The article originally appeared on India Today.
Here it is bit modified and extended.

The Pakistani army has denied that its chief Gen Qamar Javed Bajwa had asked his officers to emulate the values of Indian democracy. In a tweet, Major Gen Asif Ghafoor, spokesman of the Pakistan armed forces, have said that the ‘news/comments quoting COAS (chief of the army staff)’ address to officers at Rawalpindi regarding book ‘Army and Nation’ is a disinformation’.

Gen Bajwa’s photograph is tagged with the tweet which further clarifies its context with an incomplete caption that reads ‘army officers should learn from Indian democracy, says Pakistan army chief Qamar J…’ – essentially a poor damage control act after Gen Bajwa’s vision for the Pakistani army was widely reported in the Indian media.

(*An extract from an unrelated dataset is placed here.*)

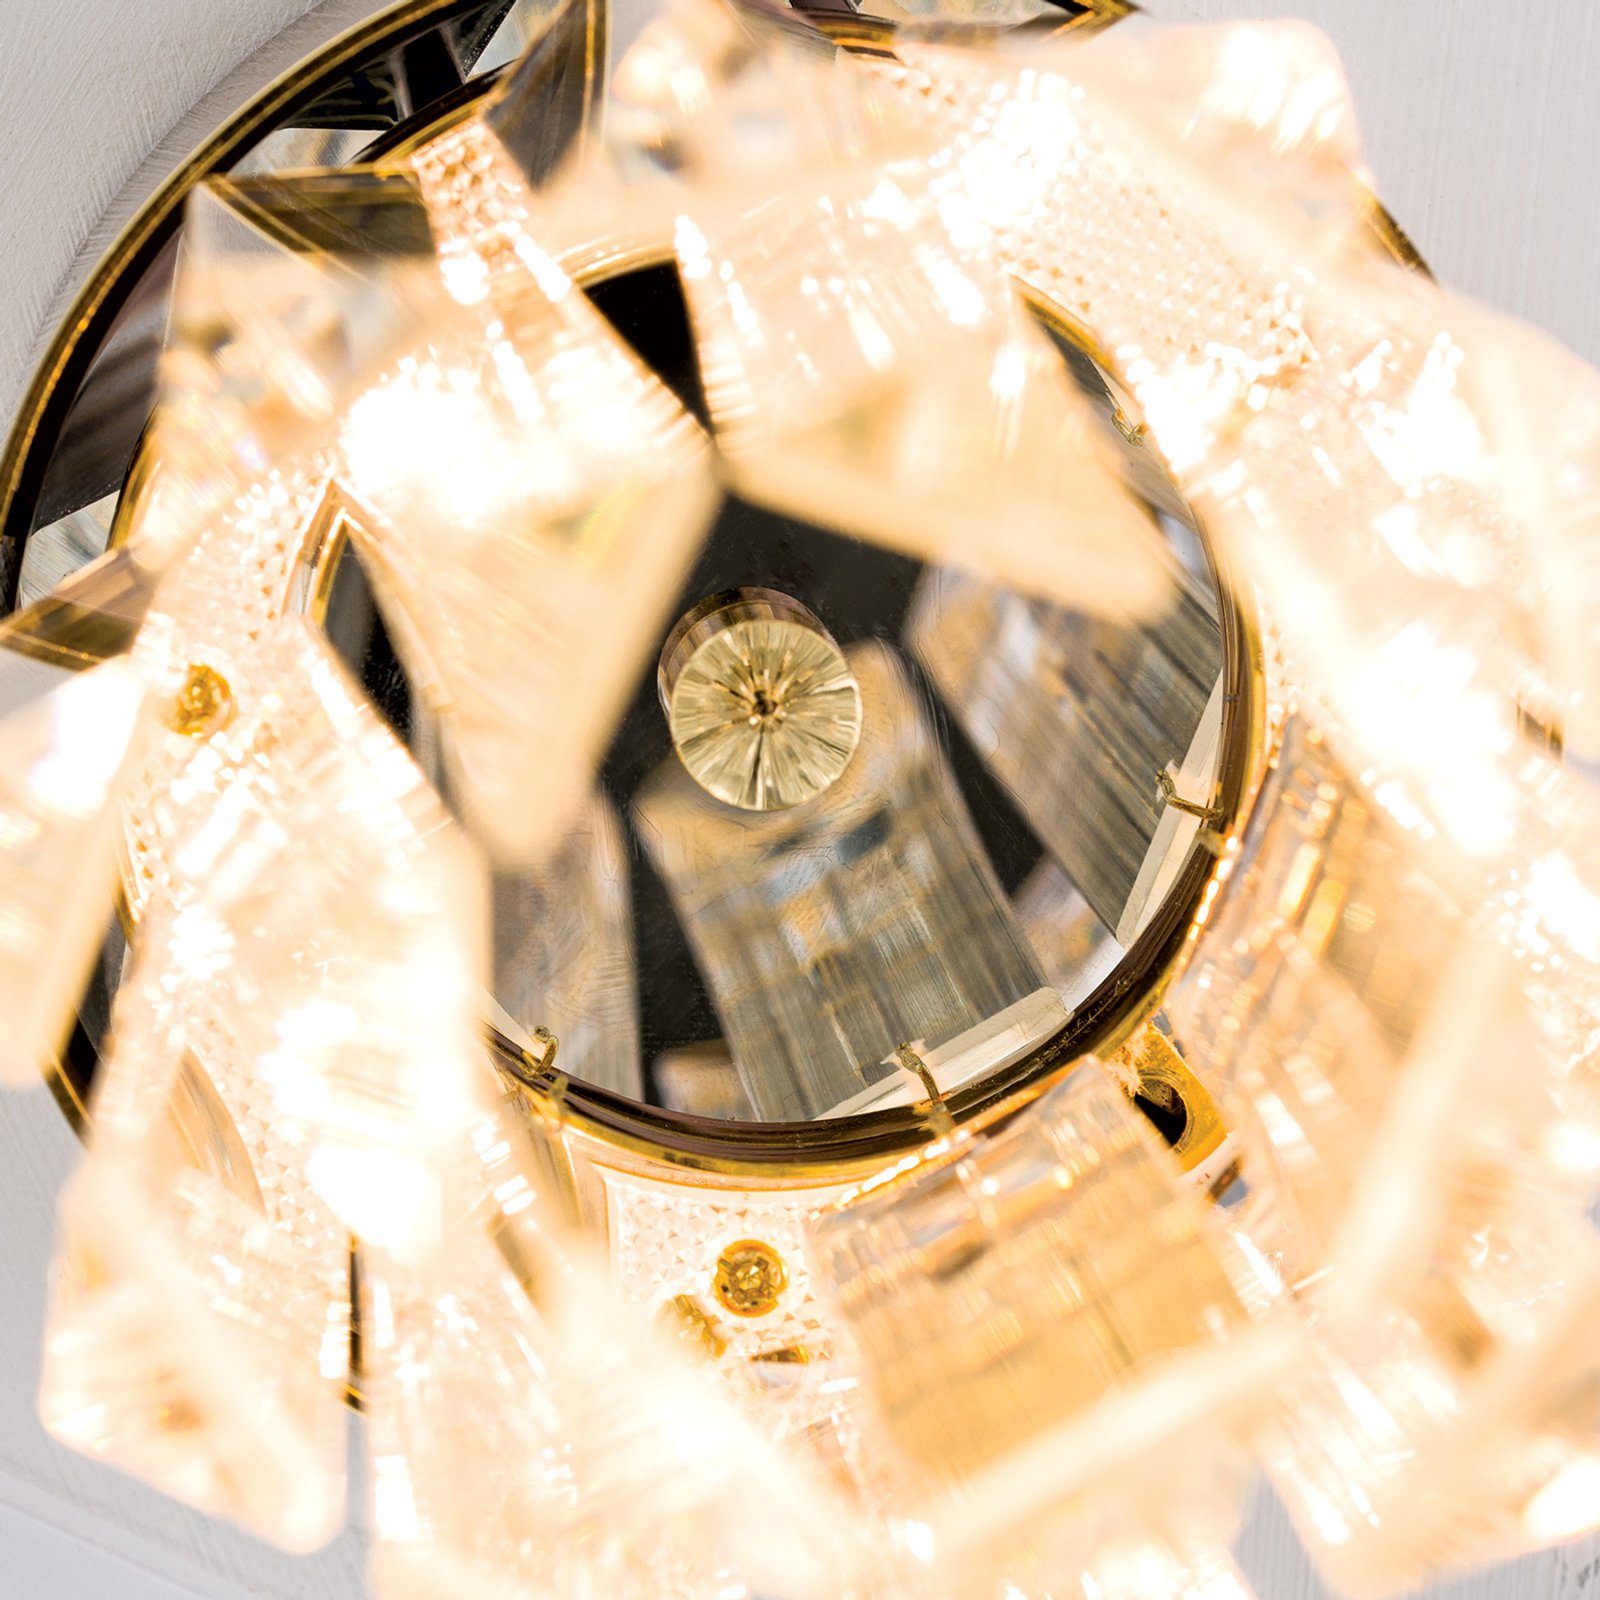 LED plafondlamp Prism, kristalglas, Ø10cm, goud
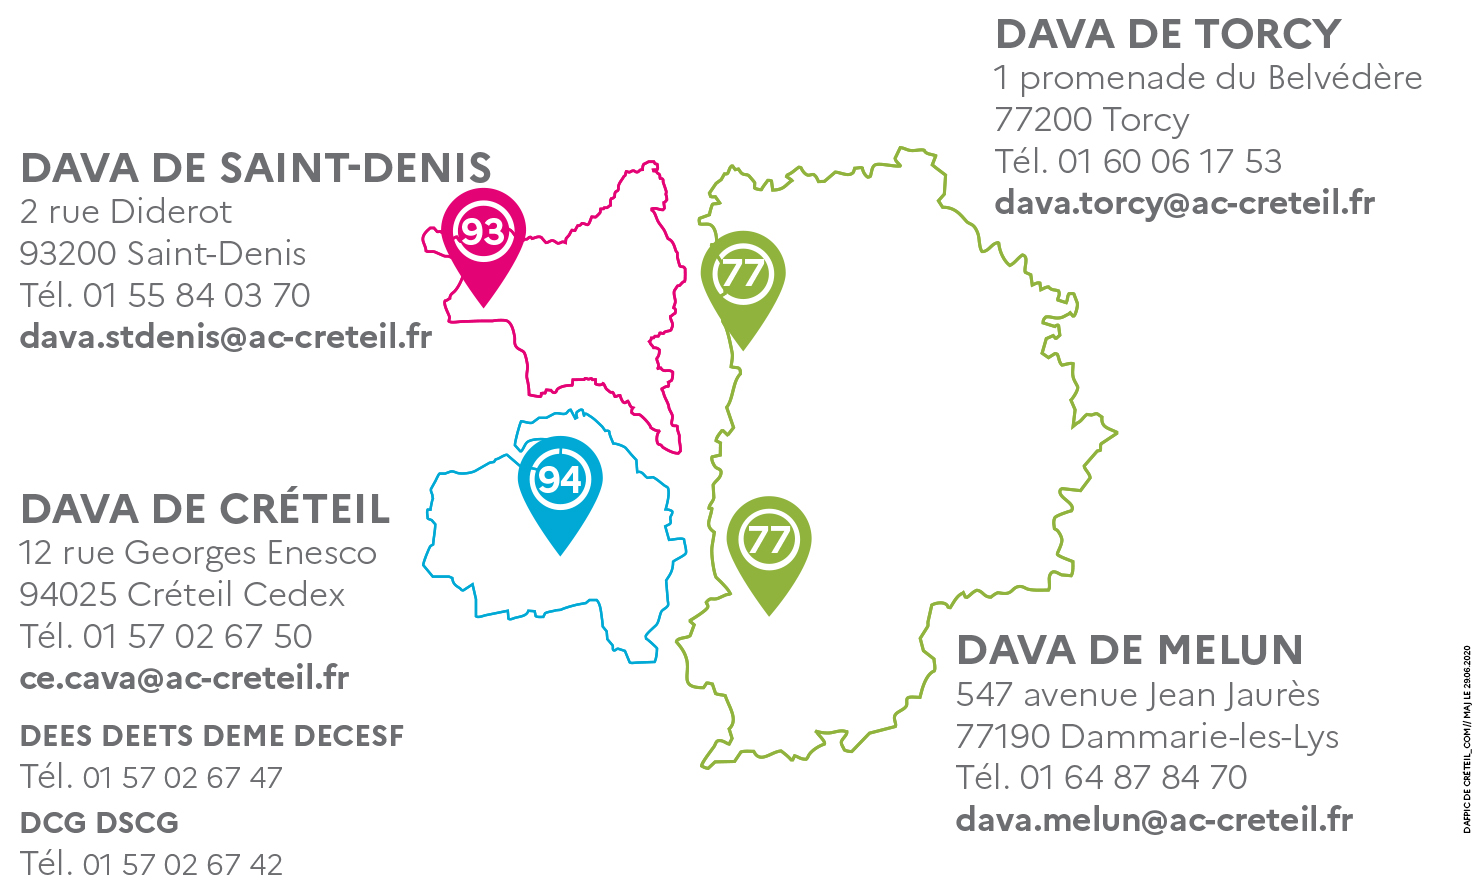 bluse Kvalifikation ligegyldighed DAVA | Nos centres de validation d'Île-de-France (77, 93, 94) | Forpro  Créteil

On February 13, Pakistan’s newspaper The Nation had published a piece on its new army chief Qamar Javed Bajwa’s vision for the Pakistan’s army as told by him during his first official address to his colleagues in December 2016.

Titled ‘Coordination, not competition, with civilians: The Army Chief’s Glasnost’, among many other things, the article had quoted the Pak army chief saying something that was so unlike Pak army that it caught immediate international attention. Gen Bajwa, in no unequivocal terms, as The Nation piece puts it, conveyed to his colleagues that the Pak army must remain within the constitutional role defined for it and must not meddle in affairs of the civilian government.

Saying a civilian Vs military dichotomy is always ‘counter-productive for a country and the army should have no ‘business in running the government’, he advised his colleagues to read “Army and Nation”, a book written by Yale University professor Steven I Wilkinson, a well received book that details how India has emerged as a successful democracy with civilian supremacy over its military establishment.

Gen Asif Ghafoor’s tweet, that is the first official denial from the Pak army on the issue, looks like a shabby, reluctant attempt to damage control. It might have been driven by this afterthought that the Pak army has always been in control in Pakistan and such views by its army chief may be seen undermining its supremacy in the society. Coming five days later of The Nation piece, the tweet clarification conveys a half-hearted attempt at best that sounds too little, too late. Had it been so alarming, we would have seen a denial the same day the article appeared, like it happened with India’s surgical strike inside Pak-occupied-Kashmir. Within hours, the Pak army had forced its political establishment to toe its line to deny any Indian surgical strike, a lame attempt to save face.